Patent trolls kill startups, but the Biden administration has the power to help
It would be an understatement to say “launching a successful tech startup is hard work.” But for years, many startup founders have been fighting with one arm tied behind their backs. In addition to all the usual challenges that come with starting a new tech company, those founders face another hurdle: abusive patent lawsuits. And unfortunately, after several years of improvements, those suits are now back on the rise.
Patent assertion entities—also known as “patent trolls” or non-practicing entities—are nothing new. They scoop up scores of low-quality patents and threaten to sue startups and small businesses, coercing them into paying nuisance value settlements just to avoid the (very high) cost of a frivolous patent lawsuit. These trolls do not make or sell anything, let alone anything new, but abuse the patent system to attack real innovators.
Ten years ago, Congress decided to crack down on the damage patent trolls were doing to innovators and entrepreneurs across the country, and it passed the most sweeping reforms to our patent system in recent memory. The Leahy-Smith America Invents Act (AIA) was a bipartisan achievement: passed by a Republican House, a Democratic Senate, and signed into law by President Obama.
With the goals of improving patent quality, weeding out invalid patents that hinder innovation, and curbing abuse, the AIA was working as intended for many years. The law created an improved process, known as inter partes review (IPR), where expert judges on the Patent Trial and Appeal Board (PTAB) can take a second look at a patent. If it was incorrectly granted, i.e., if a patent fails to claim a truly new invention, the PTAB can cancel it before parties are forced to incur the full costs of litigation. Patent law can be highly technical and feel opaque to outsiders—even some judges and juries—making the PTAB’s experts especially well-suited to this second look review. And they assess patent validity in a fraction of the time and for a fraction of the cost of a lawsuit.
From 2012 until 2018, IPR helped level the playing field in abusive patent cases, protecting countless tech startups and small businesses. Larger companies and non-profits could (and did) step in to clear out bad patents that were being used to threaten thousands. IPR reduced the settlement value of invalid patents and it made troll litigation less profitable, less expensive, and less common. Not only did the PTAB help startups thrive, but it contributed an estimated three billion dollars in economic growth over just five years.
What Congress did not anticipate, however, was that a future director of the U.S. Patent & Trademark Office (PTO) would discount or deny the real-world harms of patent abuse. Yet beginning in 2018, the then-PTO director reached beyond the statute and, pursuant to perceived discretion, adopted new rules that hindered IPR.
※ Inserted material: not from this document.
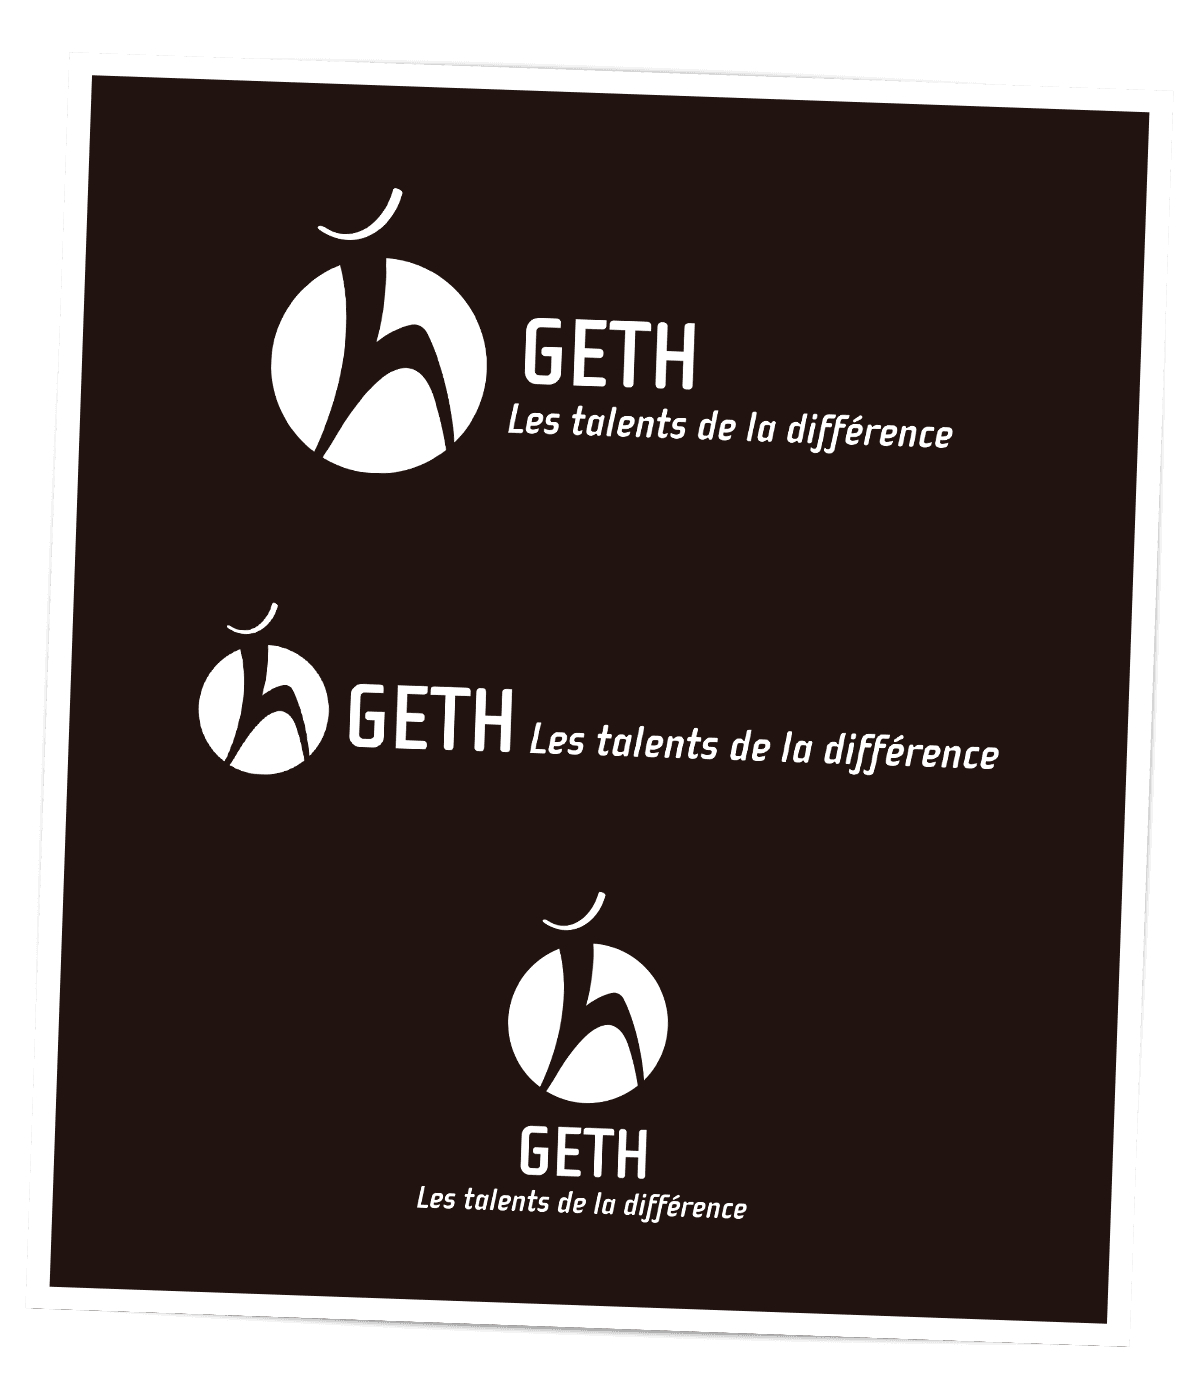 Nouveau logo créé pour le GETH, groupement d'employeurs de travailleurs handicapés, par Caramel & Paprika - Versions négatives du logo de base et des versions alternatives pour intégration sur fonds chargées

Without going through standard rulemaking processes, the agency made new policies to deny IPR petitions that challenged likely-invalid patents. For purely procedural reasons that conflicted with the AIA, the PTAB started leaving more questionable patents in force, and those patents in turn continue to work their way through the courts. This cuts against the fact that Congress created IPR to be a backstop against frivolous litigation over patents that should never have been granted in the first place.
It is no surprise that patent trolls have taken full advantage of this situation. Troll suits are up 42 percent over 2018, reversing years of progress that had been made for American innovators and entrepreneurs. With the IPR system improperly cabined, it allows trolls to increasingly menace startups today.
At Engine, we are lucky to work with brilliant entrepreneurs in every state. They know, firsthand, the substantial damage bad patents cause. In fact, studies show more than half of the companies targeted by patent trolls have less than $10 million in annual revenue and trolls often start their campaigns by suing smaller companies. But these startups are fighting to navigate the landmines patent trolls keep throwing in front of them. And they know how and why we need a functioning, accessible IPR system.
Of course, what one PTO director has broken, the next can just as easily fix. President Biden has now nominated Kathi Vidal to serve in this role. If she is confirmed by the Senate, Vidal will have an opportunity to support tech startups across the country who just want our patent system to work the way it should.
Critically, that means putting the agency to work for all startups, even those that only interact with the patent system when they are accused of infringing an invalid patent. And that must include ending the unlawful exercise of so-called discretion to deny meritorious IPRs, improving the IPR system, ensuring companies targeted by patent trolls have the tools to fight back, and focusing the agency on vital goals of quality, equity, and balance.
When the Senate Judiciary Committee holds its confirmation hearing for Vidal, innovators across the country will be watching closely. It is critical that she commit to reversing the harmful changes made by the previous administration and hit the ground running on her first day so that more startups, in small towns and big cities across this country, can compete on a level playing field.
Abby Rives is IP Counsel for Engine, a non-profit organization that works with government and a community of thousands of high-tech, growth-oriented startups across the nation to support technology entrepreneurship through research, policy analysis, and advocacy.